Take into account that I didn't include the schema because the original _call method already gets it.

Please give me your feedback on this.

pierreoberholzer commented 1 month ago

Many thanks @RafaelXokito ! Your patched version of the class is working. But quite a workaround..

Any change in sight in the package ?

RafaelXokito commented 1 month ago

Thank you, @pierreoberholzer, for your feedback!

I am considering making changes to how inputs are used in the cypher_generation_chain. Specifically, I aim to concatenate the inputs dynamically to streamline the process:

question = inputs[self.input_key]
args = {
    "question": question,
    "schema": self.graph_schema,
}
args.update(inputs)

intermediate_steps: List = []

generated_cypher = self.cypher_generation_chain.run(
    args, callbacks=callbacks
)

However, I am concerned about the potential impact this change might have on existing users of this method. @ccurme, could you please provide your insights on this proposed modification?

Thank you!

supreme-core commented 1 month ago

Hi @pierreoberholzer,

Here's a simple example:

class GraphCypherQAChainAux(GraphCypherQAChain):
    def _call(
        self,
        inputs: Dict[str, Any],
        run_manager: Optional[CallbackManagerForChainRun] = None,
    ) -> Dict[str, Any]:
        """Generate Cypher statement, use it to look up in the database and answer the question."""
        _run_manager = run_manager or CallbackManagerForChainRun.get_noop_manager()
        callbacks = _run_manager.get_child()
        question = inputs[self.input_key]

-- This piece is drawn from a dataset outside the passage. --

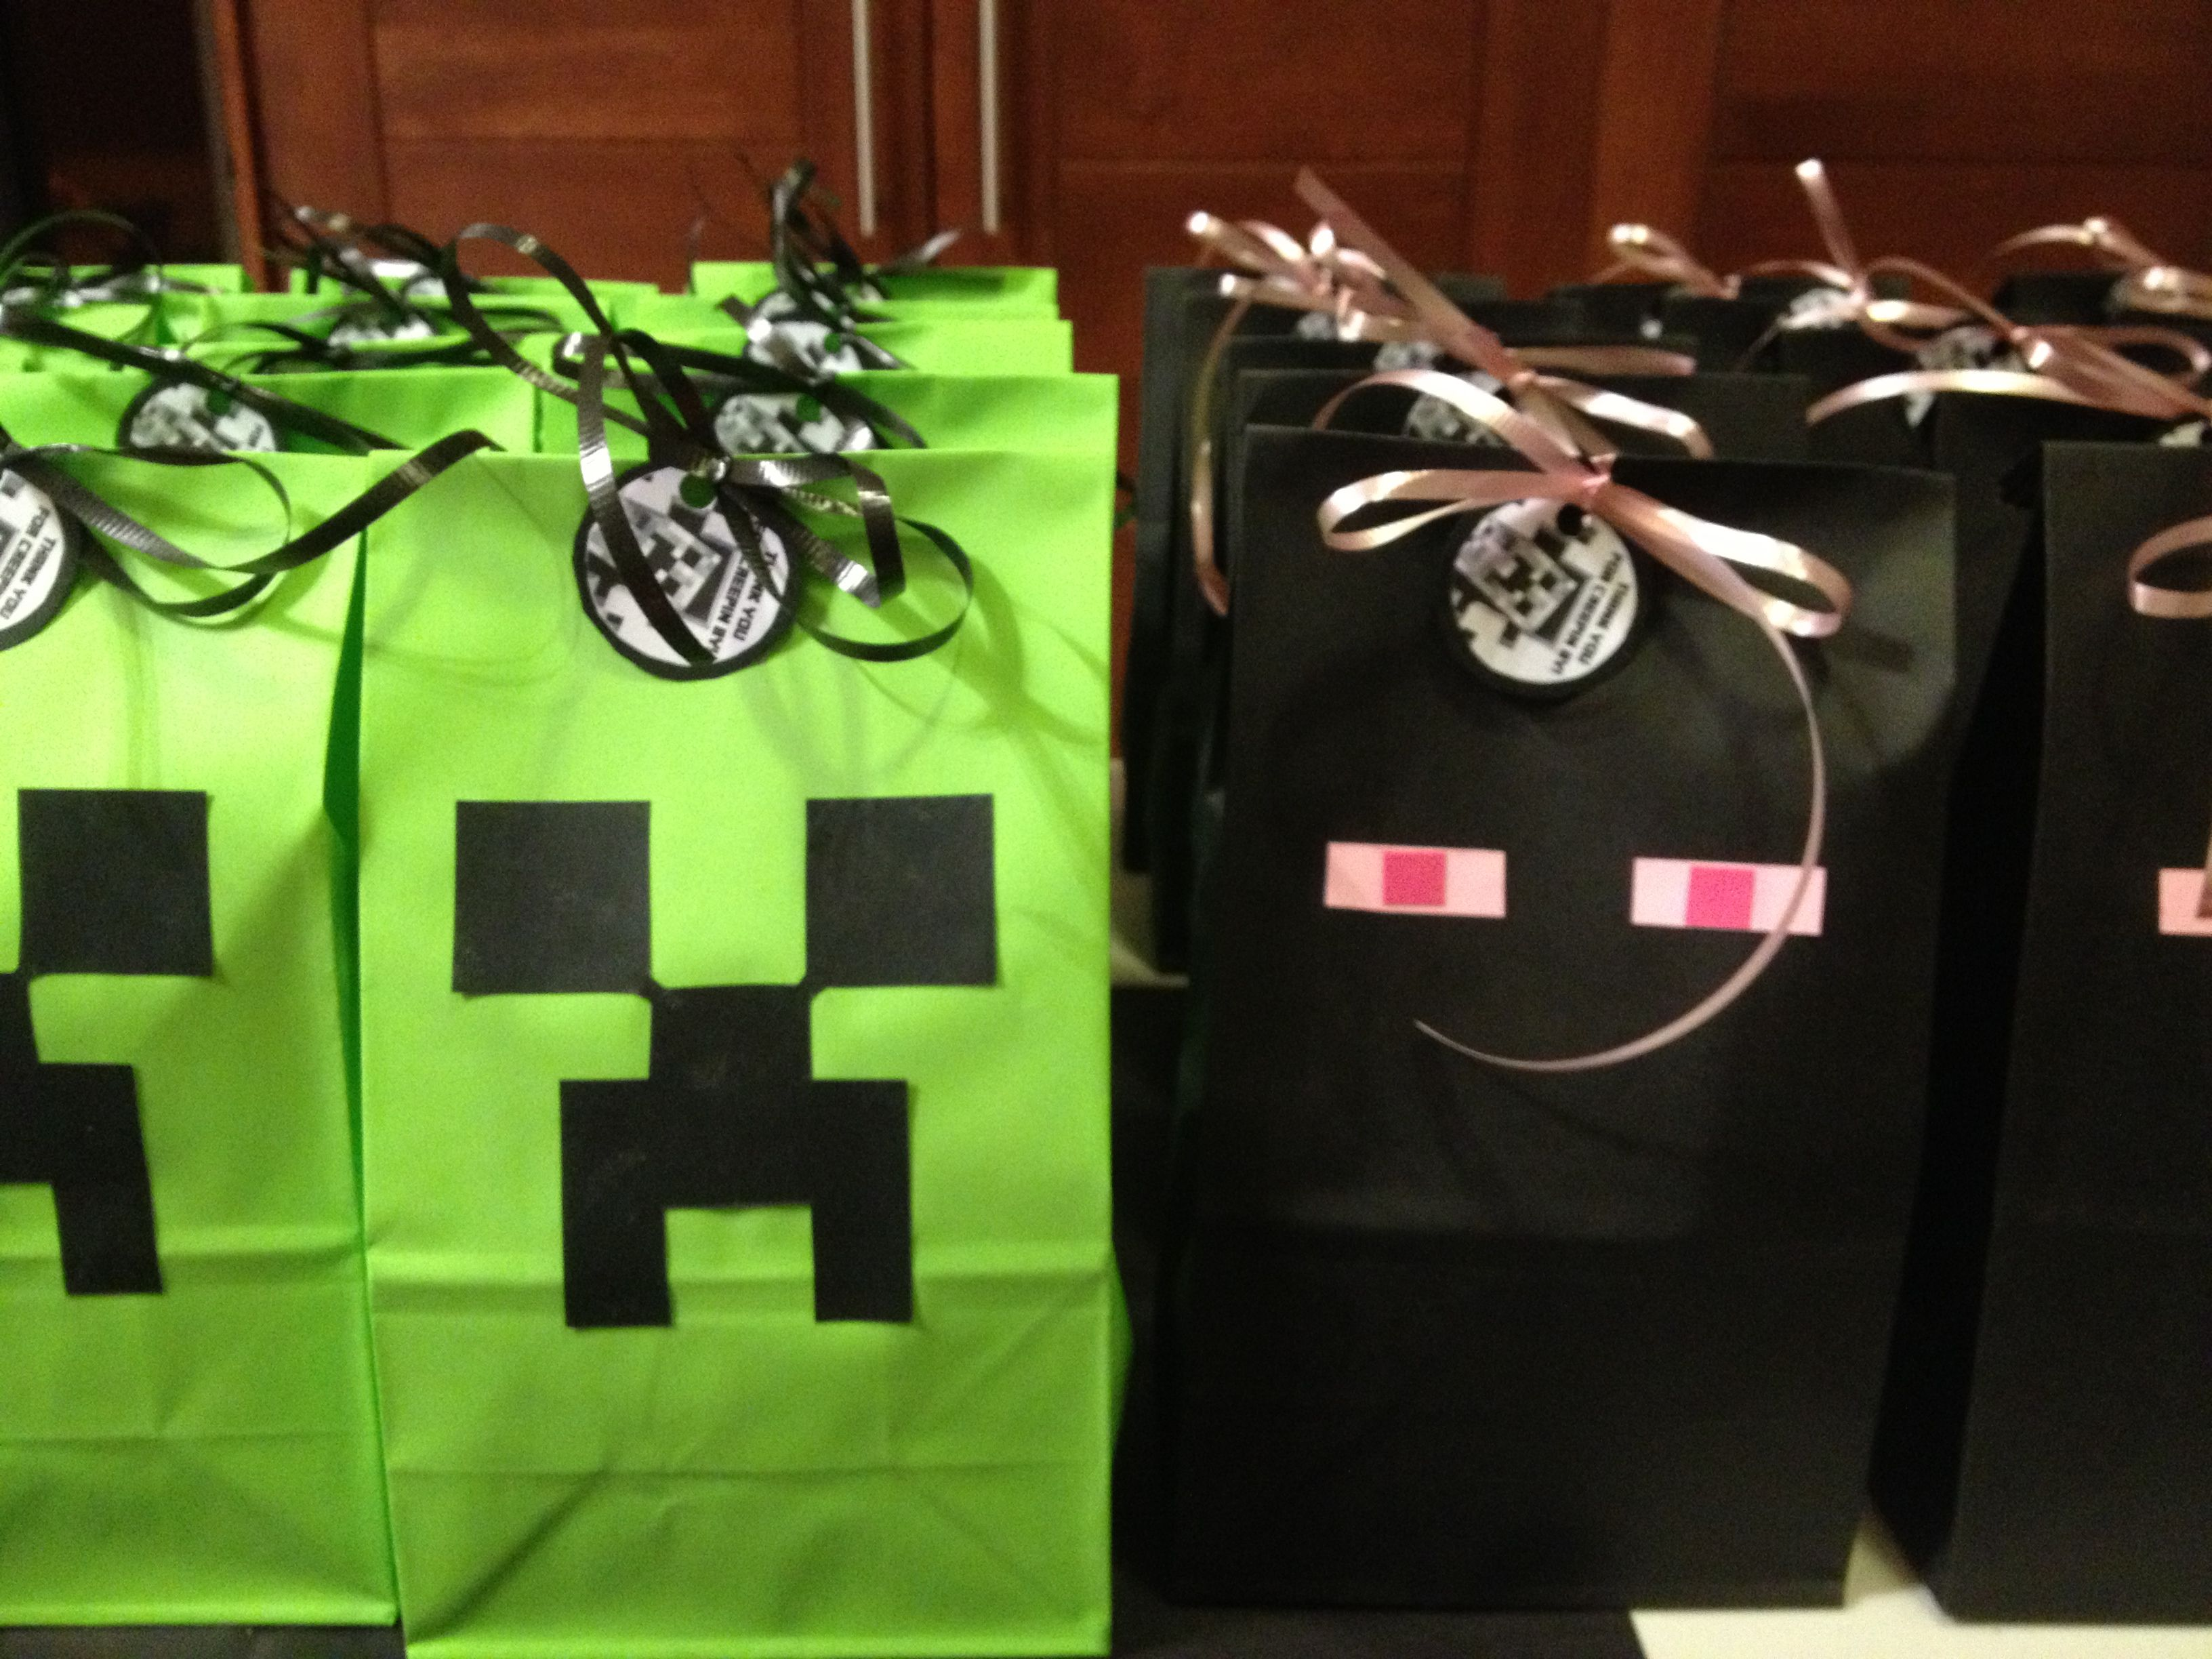 Mine craft birthday ideas - Minecraft Party Favors

        intermediate_steps: List = []

        generated_cypher = self.cypher_generation_chain.run(
            {"question": question, "schema": self.graph_schema, "examples": inputs["examples"]}, callbacks=callbacks
        )

        # Extract Cypher code if it is wrapped in backticks
        generated_cypher = extract_cypher(generated_cypher)

        # Correct Cypher query if enabled
        if self.cypher_query_corrector:
            generated_cypher = self.cypher_query_corrector(generated_cypher)

        _run_manager.on_text("Generated Cypher:", end="\n", verbose=self.verbose)
        _run_manager.on_text(
            generated_cypher, color="green", end="\n", verbose=self.verbose
        )

        intermediate_steps.append({"query": generated_cypher})

        # Retrieve and limit the number of results
        # Generated Cypher can be null if query corrector identifies an invalid schema
        if generated_cypher:
            context = self.graph.query(generated_cypher)[: self.top_k]
        else:
            context = []

        if self.return_direct:
            final_result = context
        else:
            _run_manager.on_text("Full Context:", end="\n", verbose=self.verbose)
            _run_manager.on_text(
                str(context), color="green", end="\n", verbose=self.verbose
            )

            intermediate_steps.append({"context": context})

            result = self.qa_chain(
                {"question": question, "context": context},
                callbacks=callbacks,
            )
            final_result = result[self.qa_chain.output_key]

        chain_result: Dict[str, Any] = {self.output_key: final_result}
        if self.return_intermediate_steps:
            chain_result[INTERMEDIATE_STEPS_KEY] = intermediate_steps

        return chain_result

And here is how you can use it:

CYPHER_QA_TEMPLATE = """

        You're an AI cook formulating Cypher statements to navigate through a recipe database.

        Schema: {schema}

        Examples: {examples}

        Question: {question}

        """

CYPHER_GENERATION_PROMPT = PromptTemplate(
    input_variables=["schema", "examples", "question"],
    template=CYPHER_QA_TEMPLATE)

chain = GraphCypherQAChainAux.from_llm(
    graph=graph, llm=model, verbose=True, validate_cypher=True,
    cypher_prompt=CYPHER_GENERATION_PROMPT, input_key="question")

res = chain.invoke({"examples": examples, "question": question})

Take into account that I didn't include the schema because the original _call method already gets it.

Please give me your feedback on this.

I ended up doing something similar to get it working to be able to generate sparql. I am also working with TTL file so you would also need to override RdfGraph class.